During tonight’s lecture, on page 27 we revisited the risky investment problem that was initially mentioned on page 5. The scenarios we considered involved 1) a person with initial wealth W_{0 }= $100 and a square root utility function; i.e., U(W) = W^{0.5}, and 2) an otherwise identical person with initial wealth W_{0 }= $200. We discovered under scenario 1, that Investment A has higher expected utility than Investment B:
W(0) | 100 | |||
P | 50 | |||
Investment A | ||||
State | p(s) | X(a,s) | W(s) = W(0)-P(A)+X(a,s) | U(W(s)) |
Low | 0.5 | 50 | 100 | 10 |
High | 0.5 | 150 | 200 | 14.14 |
Expected | 100 | 150 | 12.07 | |
value | ||||
Investment B | ||||
State | p(s) | X(b,s) | W(s) = W(0)-P(B)+X(b,s) | U(W(s)) |
Low | 0.5 | 0 | 50 | 7.07107 |
High | 0.5 | 240 | 290 | 17.03 |
Expected | 120 | 170 | 12.05 | |
value |
Furthermore, since the utility of not investing under scenario 1 is 100^{0.5 }= 10, the optimal choice is to invest in Investment A.

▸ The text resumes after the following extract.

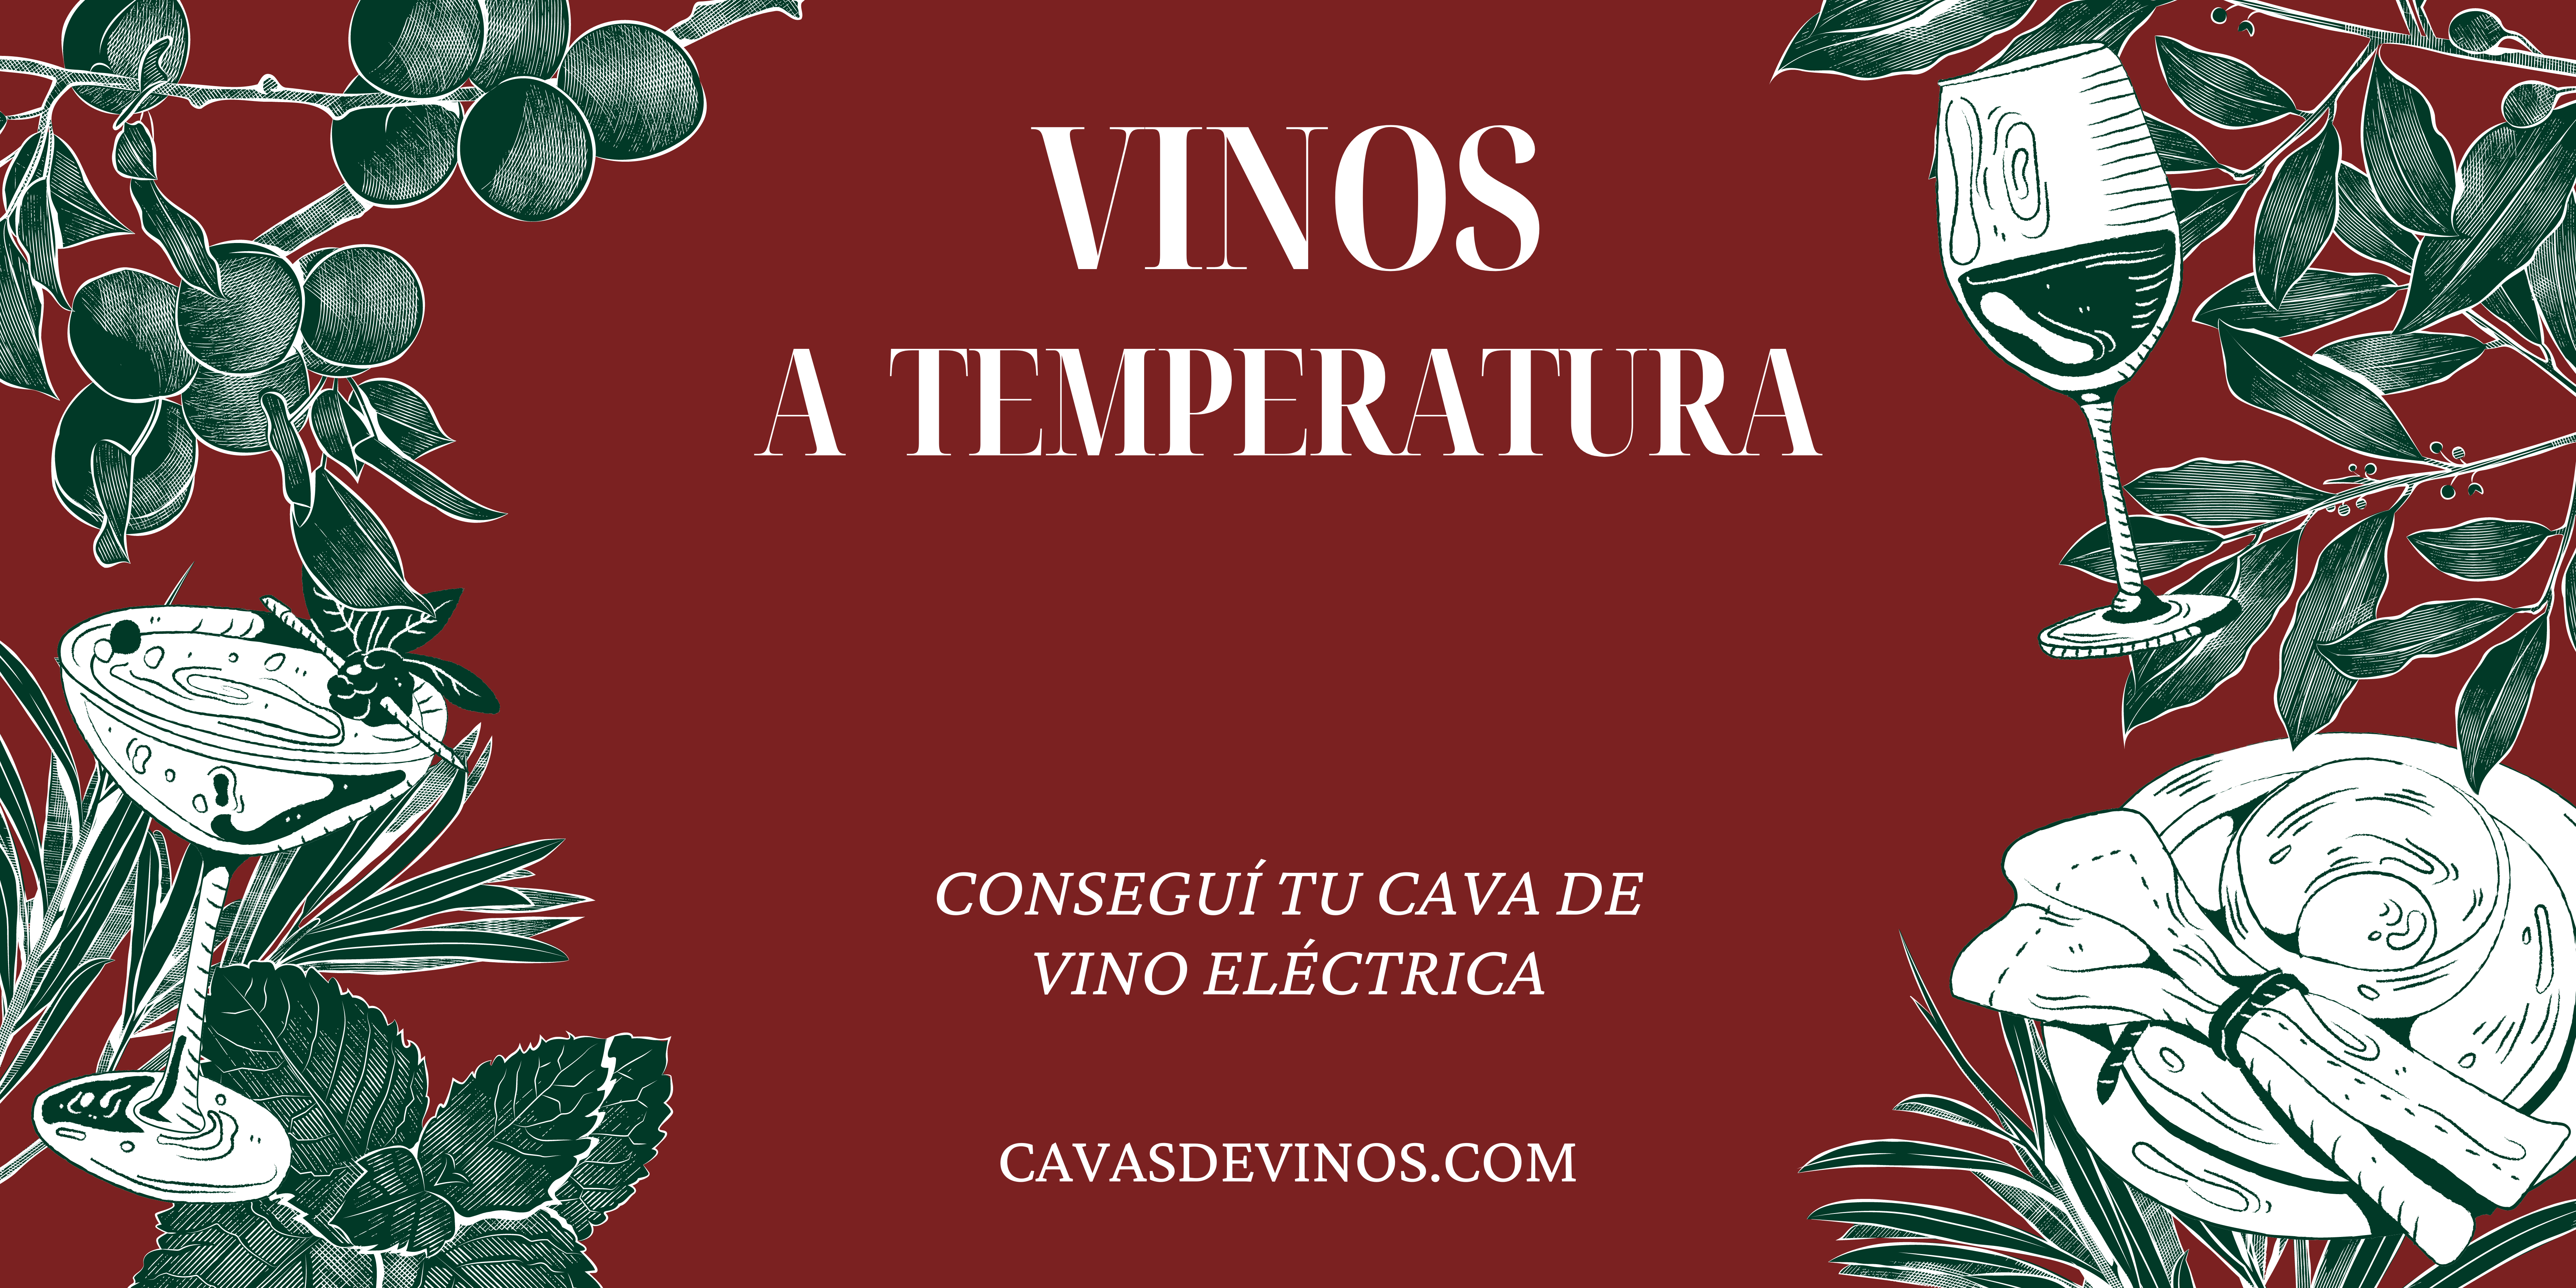 Temperatura de vinos en cavas eléctricas

Under scenario 2, Investment B has higher expected utility than Investment A:
W(0) | 200 | |||
P | 50 | |||
Investment A | ||||
State | p(s) | X(a,s) | W(s) = W(0)-P(A)+X(a,s) | U(W(s)) |
Low | 0.5 | 50 | 200 | 14.1421 |
High | 0.5 | 150 | 300 | 17.32 |
Expected | 100 | 250 | 15.73 | |
value | ||||
Investment B | ||||
State | p(s) | X(b,s) | W(s) = W(0)-P(B)+X(b,s) | U(W(s)) |
Low | 0.5 | 0 | 150 | 12.2474 |
High | 0.5 | 240 | 390 | 19.75 |
Expected | 120 | 270 | 16.00 | |
value |
Since the utility of not investing investing under scenario 2 is 200^{0.5 }= 14.14, the optimal choice is to invest in Investment B.
The reason why the otherwise identical wealthier person favors the riskier investment is because her utility has the property of decreasing risk aversion (actually, more technically, decreasing absolute risk aversion). Behaviorally, this implies that as one grows wealthier, she becomes less risk averse, even if her utility function remains the same. What drives this result is that as she grows wealthier, the utility consequence of a given risk declines. Thus the poorer person in this example takes Investment A because it is less risky, whereas the wealthier (otherwise identical) investor takes Investment B because the increment in expected value (of $20) is worth assuming the additional risk associated with Investment B.